Tuesday, November 18, 2008

It's always prettier in Icelandic

Ear Candy: "Inní mér syngur vitleysingur" by Sigor Ros


The worst part of breaking up is how you hate everything that you used to love because it reminds you of when you were happy, and not empty like now. The music I used to love now breaks my heart further into tiny pieces. The places I used to love to go (the beach, the aquarium, the park, my bed..) they all hurt to think about. And the boy I used to love. Who I still love so much it hurts... It would be better if I could hate him too. I think it might feel better. I hate him for doing this to me, for dropping me so suddenly. But I don't hate him at all, and that is so much of what hurts. I wish I could just make this all go away.
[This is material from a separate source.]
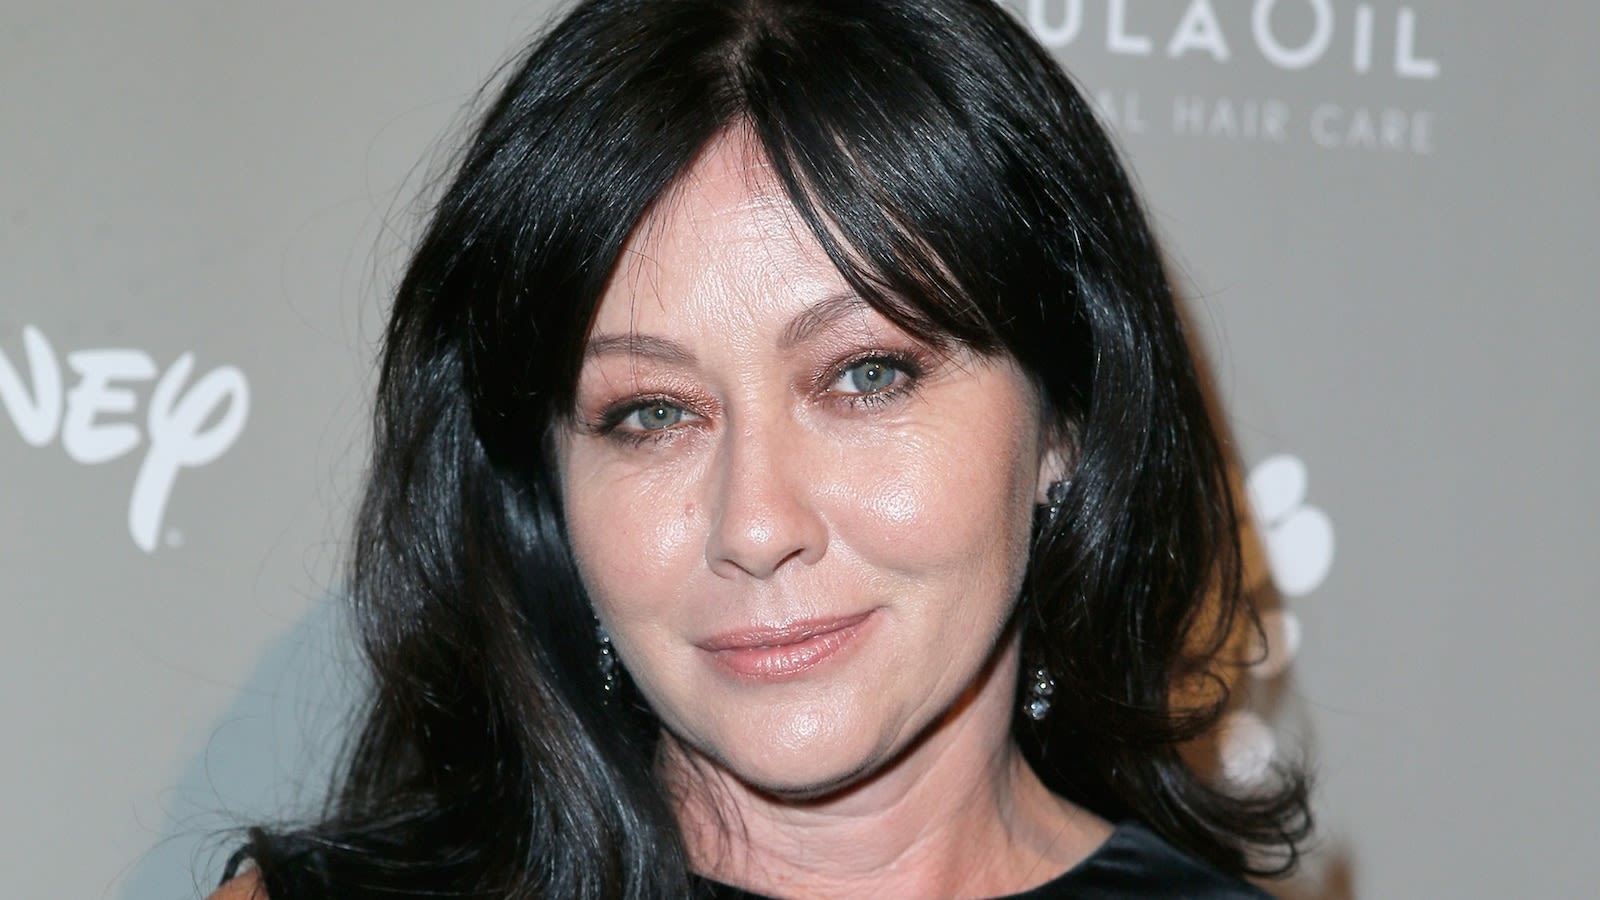 Hollywood pays tribute to Shannen Doherty: 'She was a force of nature'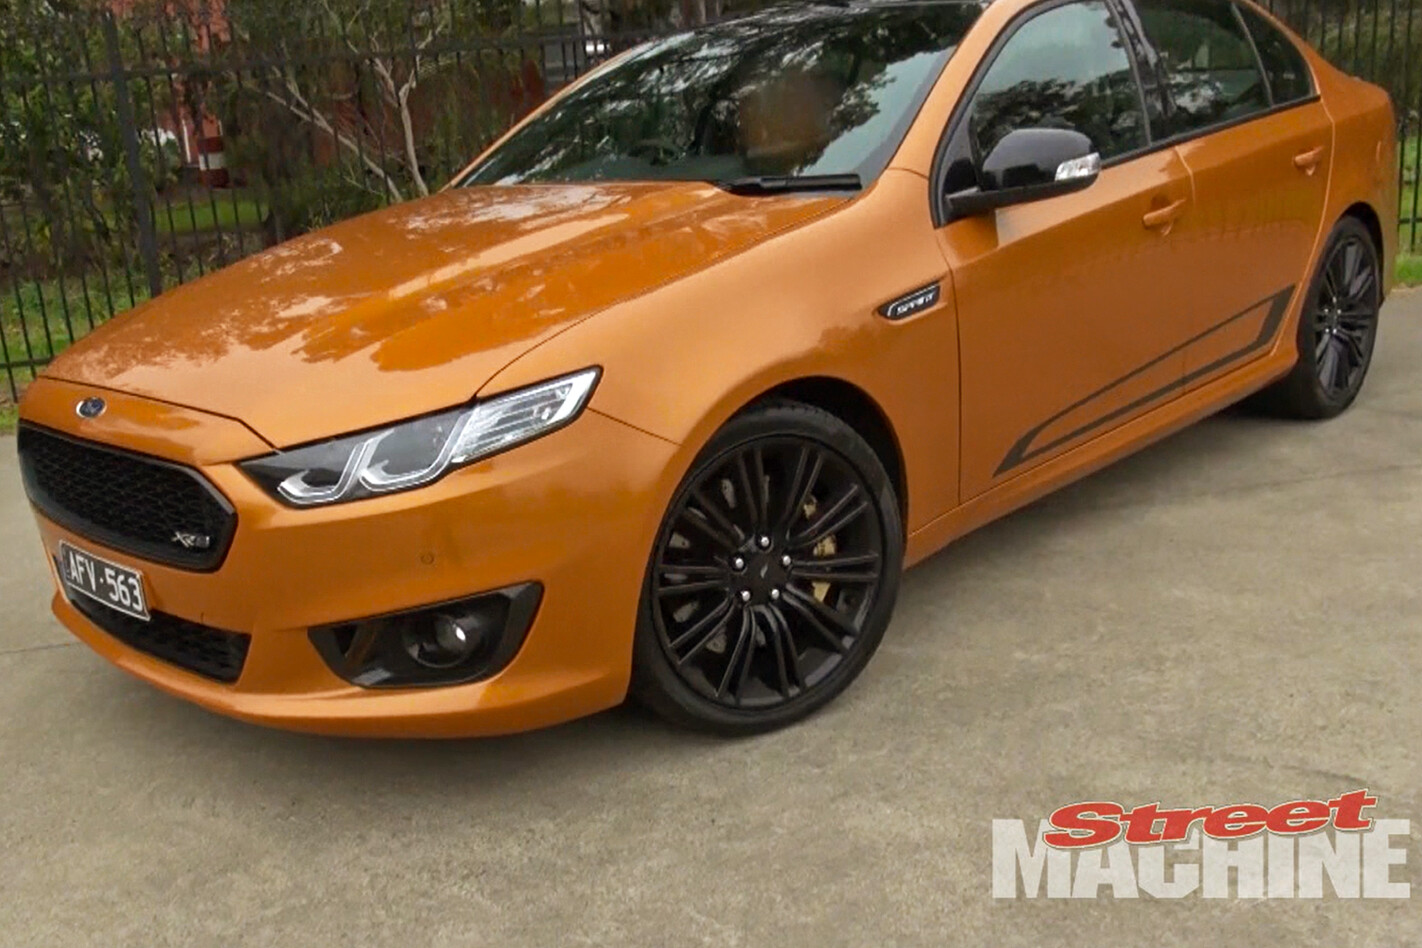 Falcon XR8 Sprint front

Go to a place where I had never met him, and never fell in love with him, so that I never have to feel this pain. (Although I think that I would rather take the pain then have to give up the last year of my life, although it has only been two days of indescribable hurt, so we'll see...) I hate myself for feeling so weak, for not being able to drop him as quickly as it felt like he dropped me. I would so love to demonize him, to make him a monster who never cared... And while everything that has happened between us is now up for consideration, and I wonder how much I could have ever meant to him, I know that he is not the terrible person I would so love to think that he is. The truth is that he meant, and still does mean the world to me, and what breaks my heart is that he doesn't feel the same. That he doesn't love me. That there was something about me that made him not want to stay, that made him not want to fix it, there was and probably still is something about me that keeps him from being able to love me.

That's the worst part about break ups: the only person I really end up hating is myself.